# Dirtbike Dual Sport lights



## hunterw (Feb 1, 2011)

Hi, I am looking for a taillight and headlight for my Honda xr100r dirt bike. I currently am going to be riding is mason county and partly lake county. 
Is this kit fullfill all the lighting requirement for the ordinance.
http://www.motorcycle-superstore.co...a-Designs-Enduro-Headlight-Taillight-Kit.aspx 
If not could someone point me in the right direction on where to get one. 

Thanks Hunter


----------



## bowhunter426 (Oct 20, 2010)

If you are trying to make the bike street legal, it is a good place to start. You will need a higher output stator. You will also need a horn, speedometer, mirror and DOT approved tires. We don't need turn signals, but I like having them.


----------



## MUDDY4LIFE (Apr 13, 2001)

bowhunter426 said:


> If you are trying to make the bike street legal, it is a good place to start. You will need a higher output stator. You will also need a horn, speedometer, mirror and DOT approved tires. We don't need turn signals, but I like having them.


If your refering to riding legally under PA 240, you dont need all the stuff you just mentioned. You only need a headlight, taillight and brake light.


----------



## hunterw (Feb 1, 2011)

I'm actually just trying to get is legal for orv riding. My township I live in has an ordinance. Maybe eventualy I will get it street legal but it doesn't seem likes it worth it. do you know of any sites that have a dual sport kit for honda xr100r dirt-bike for a good price? thanks


----------



## bowhunter426 (Oct 20, 2010)

hunterw said:


> I'm actually just trying to get is legal for orv riding. My township I live in has an ordinance. Maybe eventualy I will get it street legal but it doesn't seem likes it worth it. do you know of any sites that have a dual sport kit for honda xr100r dirt-bike for a good price? thanks


For road right of way on an ORV that light kit will be plenty. Baja Design is probably your best bet for a new lighting capable stator. They sell good light kits and can either rewind your stator or you can buy a new one(same price rewind for most bikes) one so you have no down time. 

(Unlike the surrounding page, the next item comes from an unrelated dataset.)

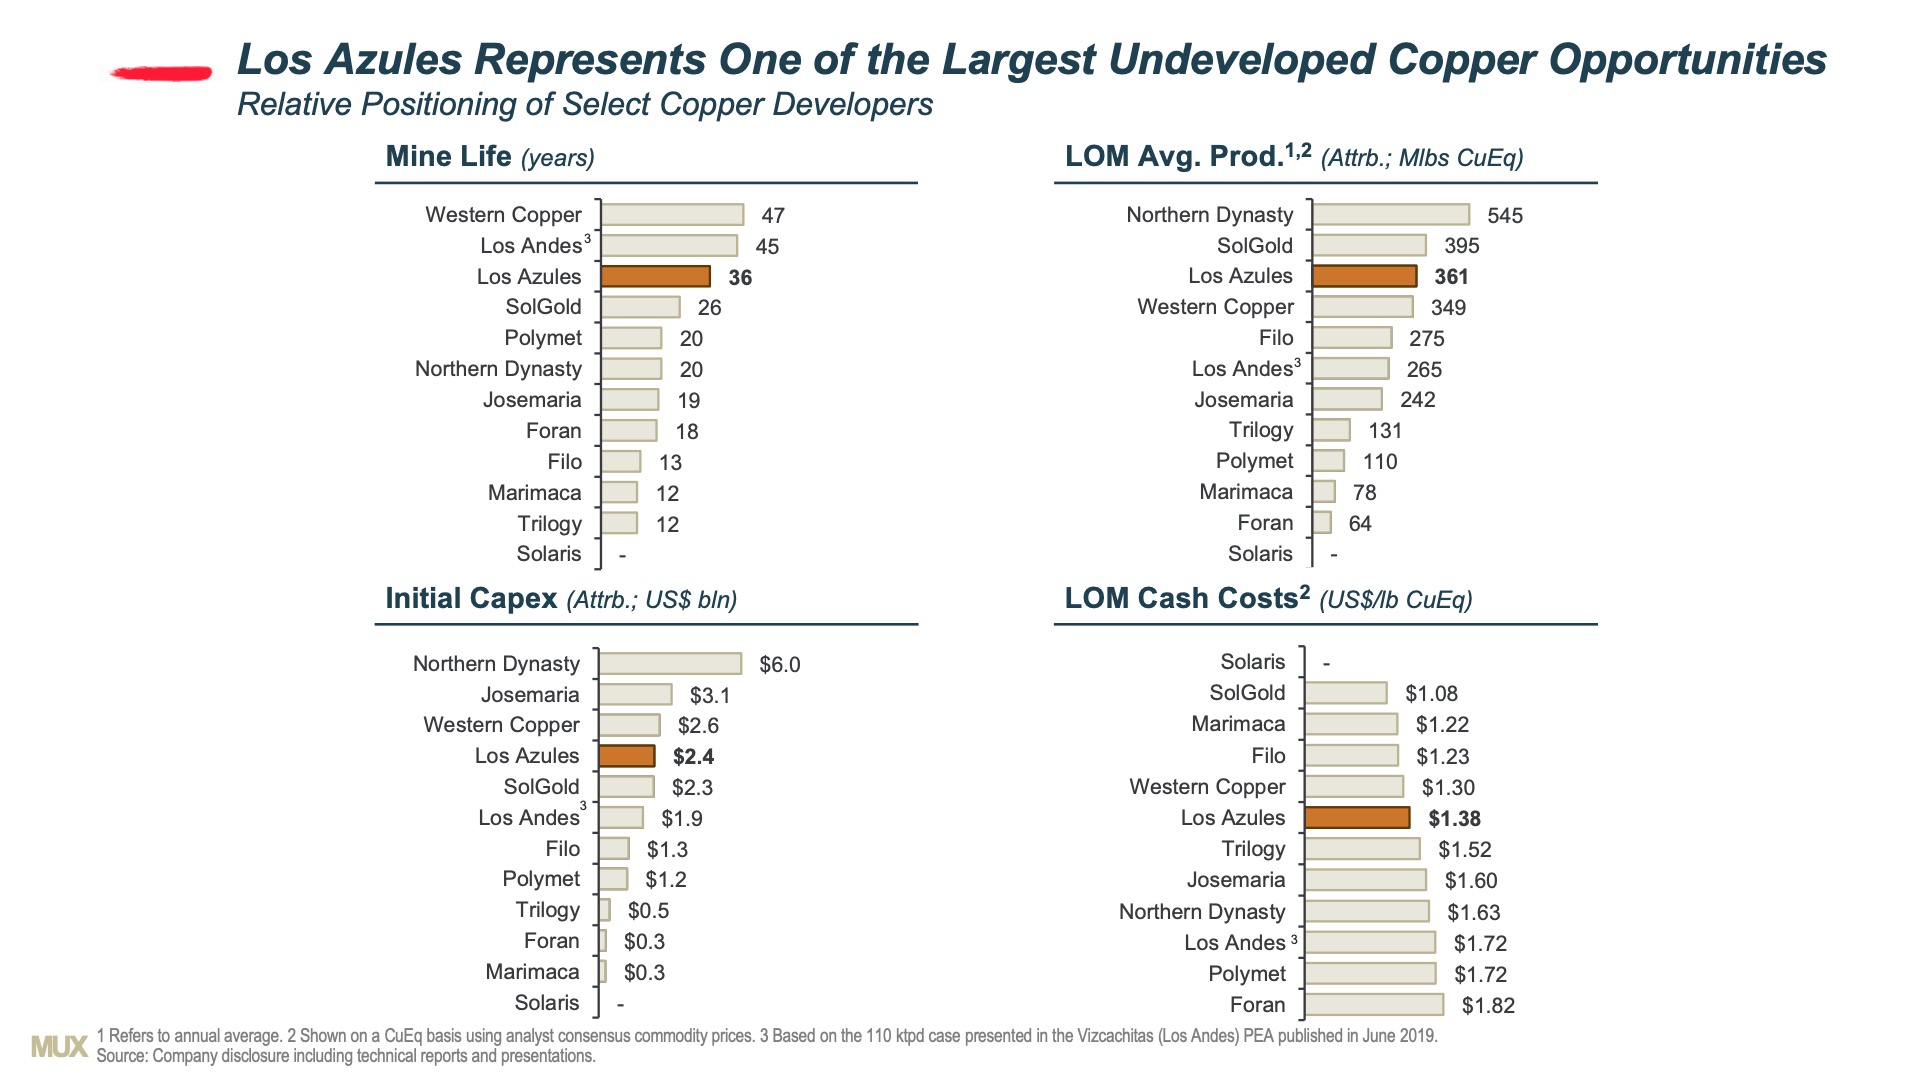 Copper Developer Comparisons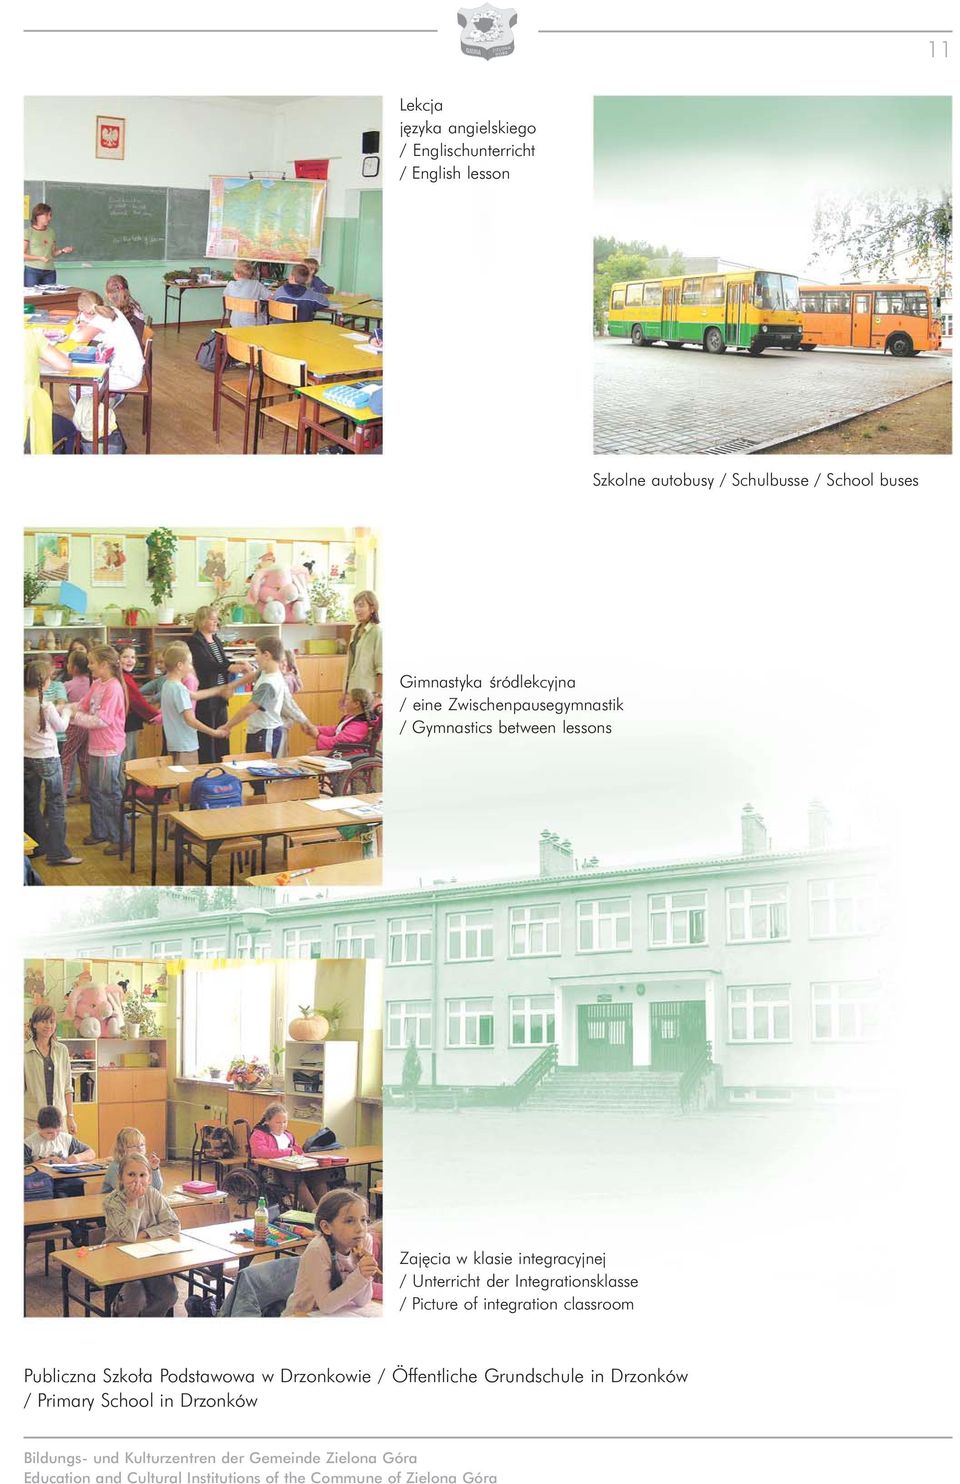 Integrationsklasse / Picture of integration classroom Publiczna Szko³a Podstawowa w Drzonkowie / Öffentliche Grundschule in

Rockymountainatv sells some generic lights that can be fitted to your needs.


----------



## hunterw (Feb 1, 2011)

bowhunter426 said:


> If you are trying to make the bike street legal, it is a good place to start. You will need a higher output stator. You will also need a horn, speedometer, mirror and DOT approved tires. We don't need turn signals, but I like having them.


Does the state of Michigan Require insurance on street legal motorcycles and how much is it? Thanks Hunter


----------



## bowhunter426 (Oct 20, 2010)

hunterw said:


> Does the state of Michigan Require insurance on street legal motorcycles and how much is it? Thanks Hunter


Yes, if you are going to get a plated motorcycle, you will need insurance. The price paid depends on age, driving history, value of the bike, and the type of insurance. My KLX250 costs me $500 a year for full coverage.


----------



## hunterw (Feb 1, 2011)

Will I have problems with having no insurance while riding a plated bike in MI that is registered to Florida and fl does not require insurance on motorcycle period unless you have an accident with the bike.


----------